There shouldn’t be anything “extreme” here. People should be able to put in as much time as they feel comfortable. It just focuses on the long term, rather than short term, and gets you enjoying real Japanese now, rather than some future later.
This is actually a really useful article because if you use anki or say you learn from some internet site, everyone you will eventually get some questioning you. I guarantee it. My wife is Korean and fluent in Japanese and because she can’t speak English, we only speak in Japanese (and some garbage Korean from me). She studied Japanese at a Japanese school and became fluent by living there and studying.

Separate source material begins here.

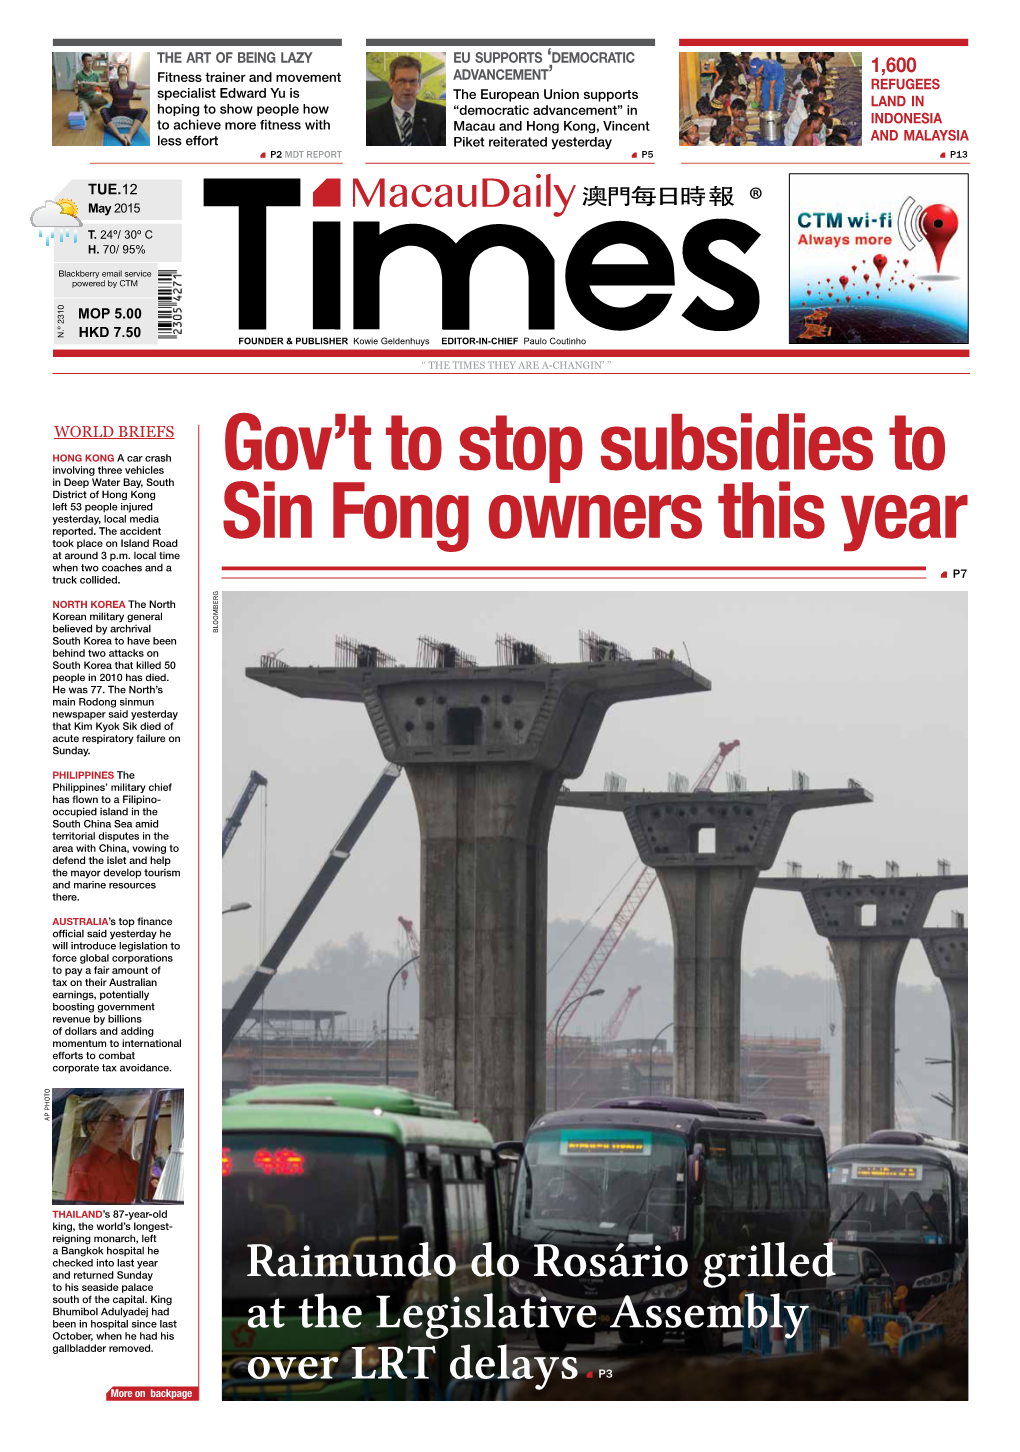 Gov't to Stop Subsidies to Sin Fong Owners This Year

So my method seemed really strange to her, as I was ‘on my own’ staring into my phone. ‘You have to study in a classroom with other people’ is the method she has in mind.
I basically just brushed her off and said, ‘if I hadn’t used this method, we wouldn’t be able to talk right now. This is what works for me.’ Although I wouldn’t recommend brushing your partner off, lol, the point is everyone has a method that works for them. And I think that is the best way to explain yourself.
I’ve met people with high level Japanese that have learnt entirely through text books and their Japanese is better than mine, but the second I glance at a textbook my eyes glaze over. Yet I can use anki for 2 hours a day with no issues. I’ve also met people with high level Japanese learnt entirely through anki and nothing else.
Whatever works!
I fully agree that there are people who flourish in the traditional textbook/classroom setting. That used to be the only route. Now that there are hundreds of new legitimate alternative routes, let people choose what works for them.
I always think it’s a good idea to try multiple methods. Pair Anki with a textbook or speaking in class.
Remember that these days, Anki is a textbook (people are just putting the information from textbooks into Anki format). But yes, trying multiple methods to find what works is important. I always recommend trying out some kind of class at some point to see if you like it. Some people get great motivation from being in a classroom.
Interesting article. I thought i would share my experience (somewhat the opposite of the article). I dated a Japanese teacher for a short while, and she was super impressed with my progress (you can read kanji!!) and demanded i explain how i did it. So i explained the jalup system.
On another note, none of the Japanese schools in my area recommend anki to their students which is a shame. My friend who is studying Spanish gets given decks from his school so i don’t see why the Japanese schools cant do that too.
Yes, not everyone is like the type of person in this article. There are plenty of open-minded language learners. You just have to learn to deal when you are not talking to one of them.
That is a shame about not recommending Anki.